Even after doing what needed to be done to avenge his mother’s death, the pain had stayed with him like radioactive waste. He
had learned to recycle the pain, to use it in his work. He stoked it like a flame, kept it burning like a hellfire, knowing that the right time would come. He had waited twelve years to settle up with the sonofabitch. It was time.
The only reason that Calderon had taken the job of managing security for the Guatemalan project was its connection to McKenna. As soon as his client had mentioned the name McKenna during their initial discussion—albeit a reference to the cockroach’s father—Calderon had known that he would accept the assignment. Of course, the client knew nothing of his connection to Elmer McKenna’s son. Telling his client would only have raised unnecessary questions and concerns.
Calderon grabbed the cell phone. After a minute of pulsing tones and hissing, the encryption code synced and his call connected. “I have the items you asked for.”
“Good,” his client said.
“What do you want done with it?” Calderon surveyed the objects strewn across the van’s scuffed floorboard: Tartaglia’s laptop computer, a box filled with flash drives and CDs, a digital camera, and enough jewelry and stereo equipment to make it look like an unfocused robbery. While he had been busy eliminating the woman, his assistant, Mr. Kong, had swept her house. Asians were good at that sort of work.
“Save the laptop and the data files,” his client said. “I need to determine what she knew, and what she didn’t.” A pause, then, “Destroy everything else.”
“Any other loose ends?”
“None,” his client replied. “She was all alone in this. We’re sure of that.”

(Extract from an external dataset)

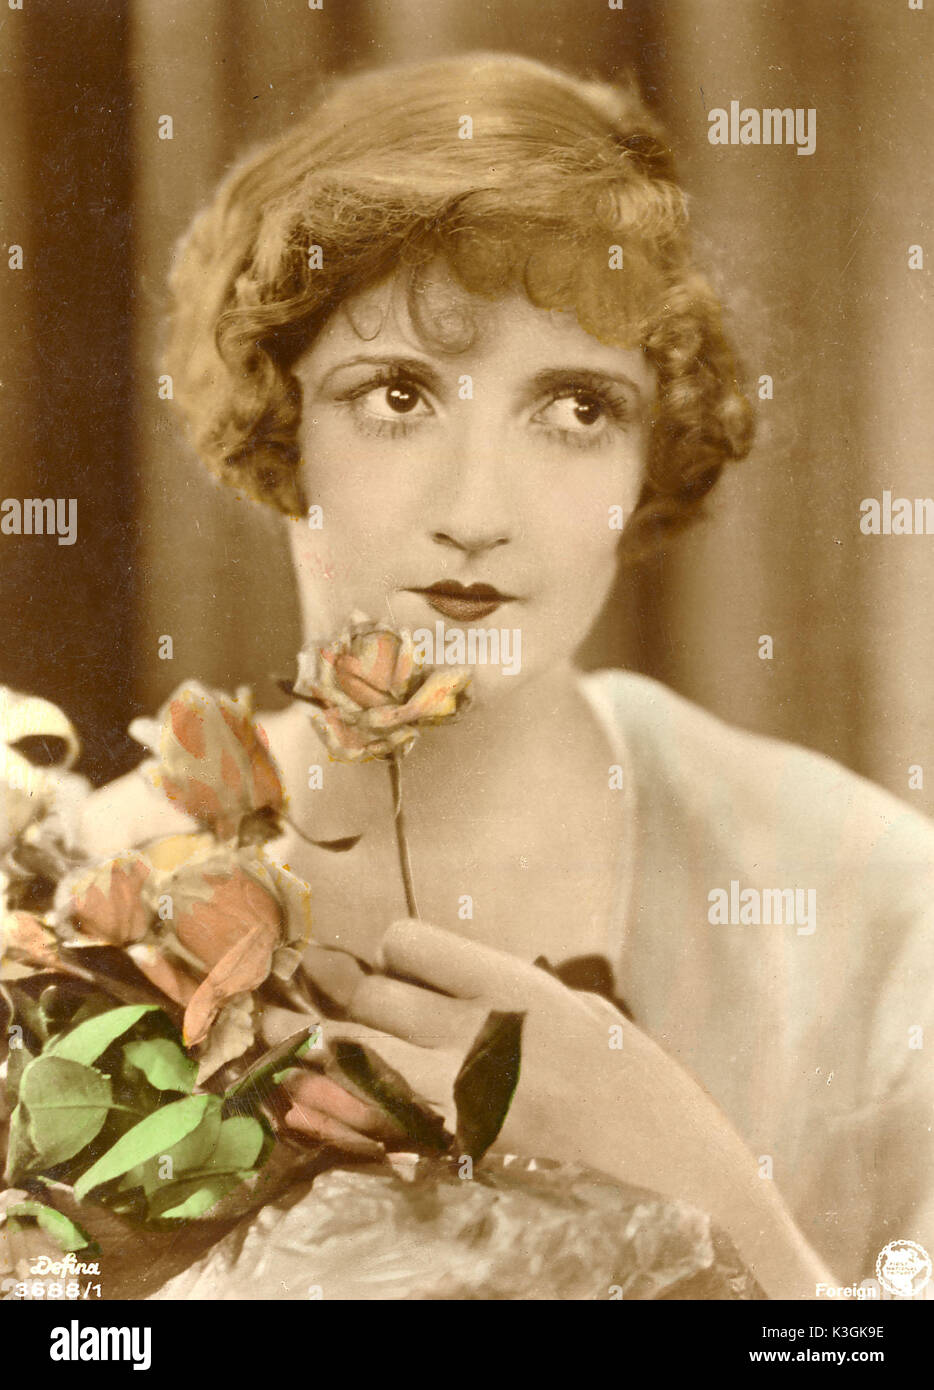 Kimmy Robertson,Whitney Port Hot images 070 Shake,Helen Wellington-Lloyd

Calderon had come to the same conclusion while interrogating the Tartaglia woman in the final moments of her life. Her eyes never moved from the sound suppressor on his handgun, her voice choked off in fear. Her terror was complete, her honesty virtually assured. She had nodded at his reassurances—if she told the truth and gave him what he wanted, he would let her live. She probably hadn’t believed him, but people grabbed at straws in the face of death.
In any case, the truth was what he got from her. He knew the inflection of truth, its gestures, its cadence. More importantly, the information she gave him matched what he and his client already knew. She told him about her visit to the village, about the serum samples she had collected, about talking to her boss.